Likewise with image generation, it's now incredibly easy to churn out images that look like something a person might make to express themselves, which are actually just a loosely guided slice through a statistical model of pre-existing images, passing the smell test for "good art" despite having zero actual intent or substance. It's spam, but for culture.

This seems like a problem you can only solve with an invite or credential system. If you are an invited writer (or have some sort of literary degree) you can submit content, otherwise you gotta let people invite you. AI content is still allowed, and if you post garbage you lose your posting privileges.
Has that observably worked for Citizendium or lobste.rs, which have tried exactly that for years, though? Have they been widely recognized as superior to Wikipedia and Hacker News? Have they in fact been widely recognized?

If your answer is that Wikipedia and Hacker News still get the recognition and haven't collapsed, then I suggest that there are already examples to learn from that the same idea for Stack Exchange won't work.

>>If answers are good, keep them. If they're bad, downvote them.

>This doesn't work at scale... with LLM's all of a sudden there is a huge influx of mediocre content

The GP's answer may not work at scale - however LLM detection doesn't work at all.

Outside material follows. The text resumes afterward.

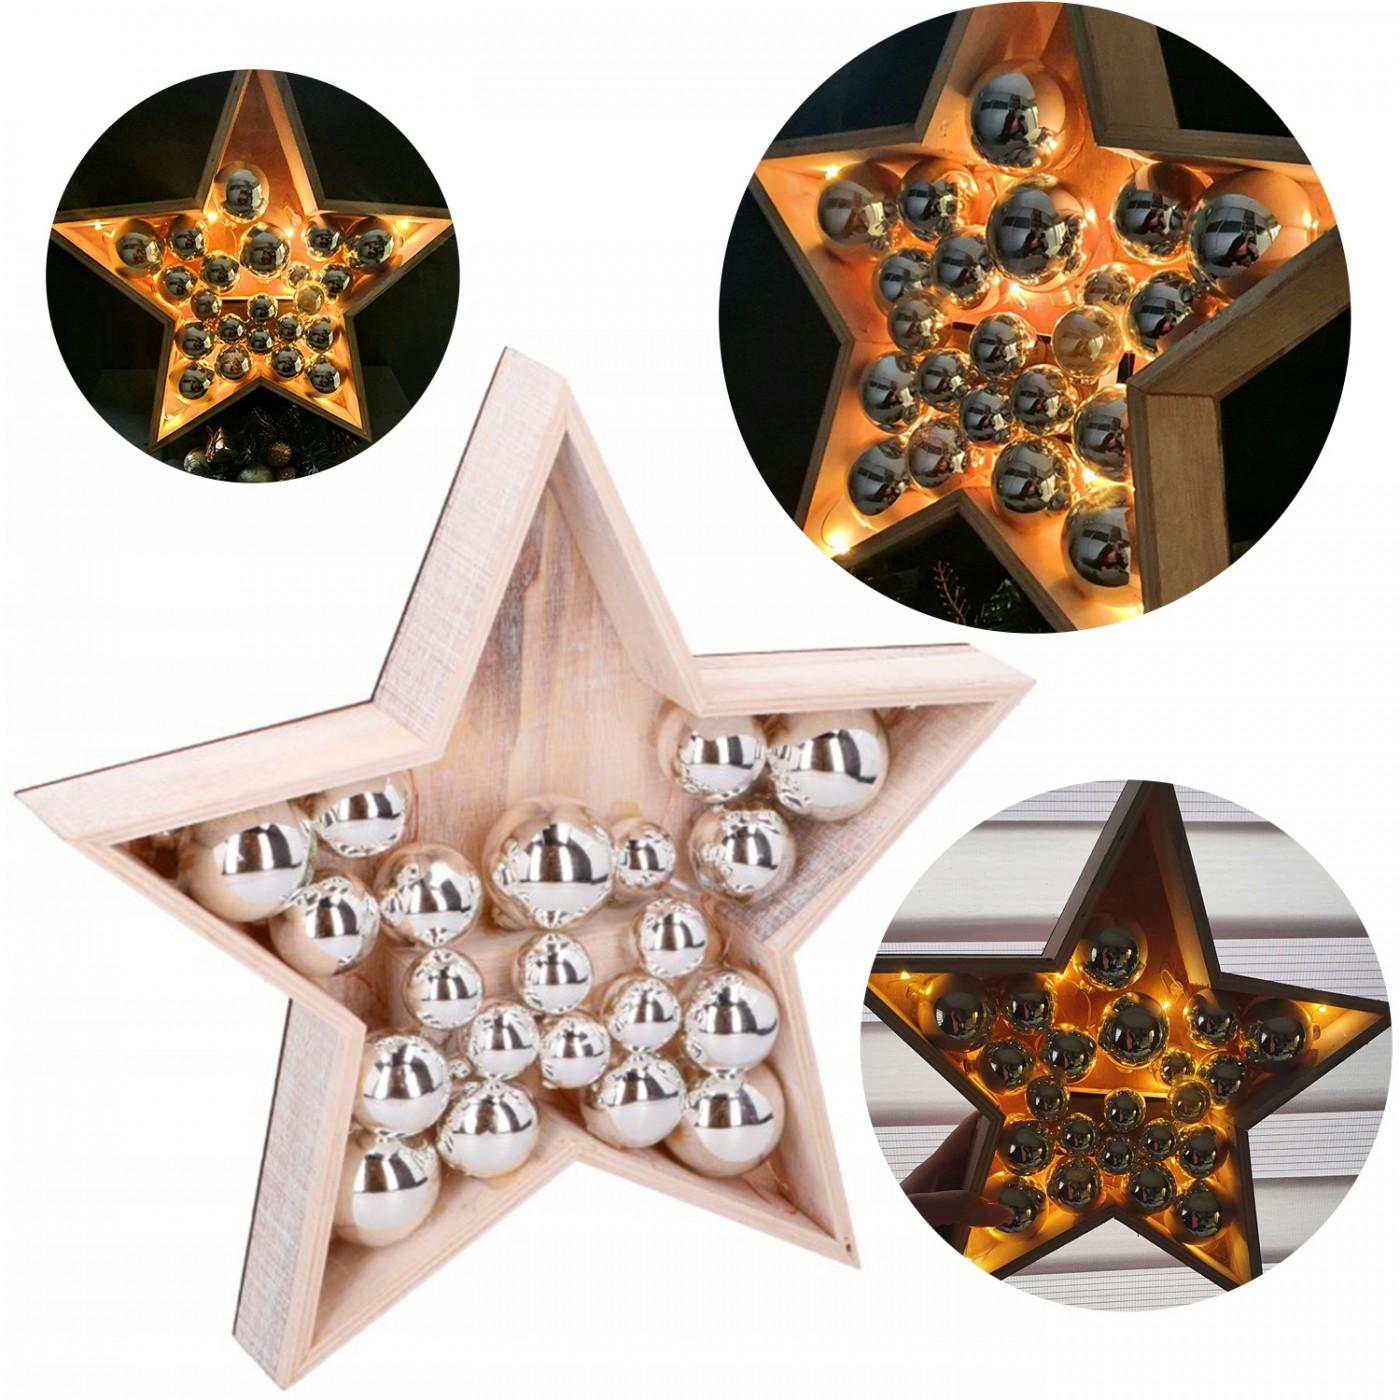 Gwiazda dekoracyjna drewniana z lampkami LED i bombkami

So the only semi-workable solution is aggressive filtering and banning users who post trash (LLM or not).

Also, there's a need to think about score and trust mechanisms - the same mechanisms which can be used for filtering also provide an incentive for LLM use, is there a way to avoid that?

>When someone posts a answer I assume they actually ran the code, and can verify the result

I wish we lived in a world where this assumption wasn't naive.

Yep, and if you aggressively ban bots/LLM content, then you'll see everyone accuse and report each other for said content even if it's good content.

For example here on HN we have a rule if you see bot content you don't mention it in the thread. You report it and let the admins decide. Anything else just turns into flamewars.

And there's the problem on SO. Previously, we could do exactly that - Flag the content for a Mod to review. Now Mods are pretty much prevented from taking any action when we (the community members) and they believe it is a bot.

I saw one user yesterday post 10 lengthy, detailed answers in an hour, in 3 different programming languages. But the Mods aren't allowed by SE to consider that (or pretty much anything) to be an indicator that it's AI-generated.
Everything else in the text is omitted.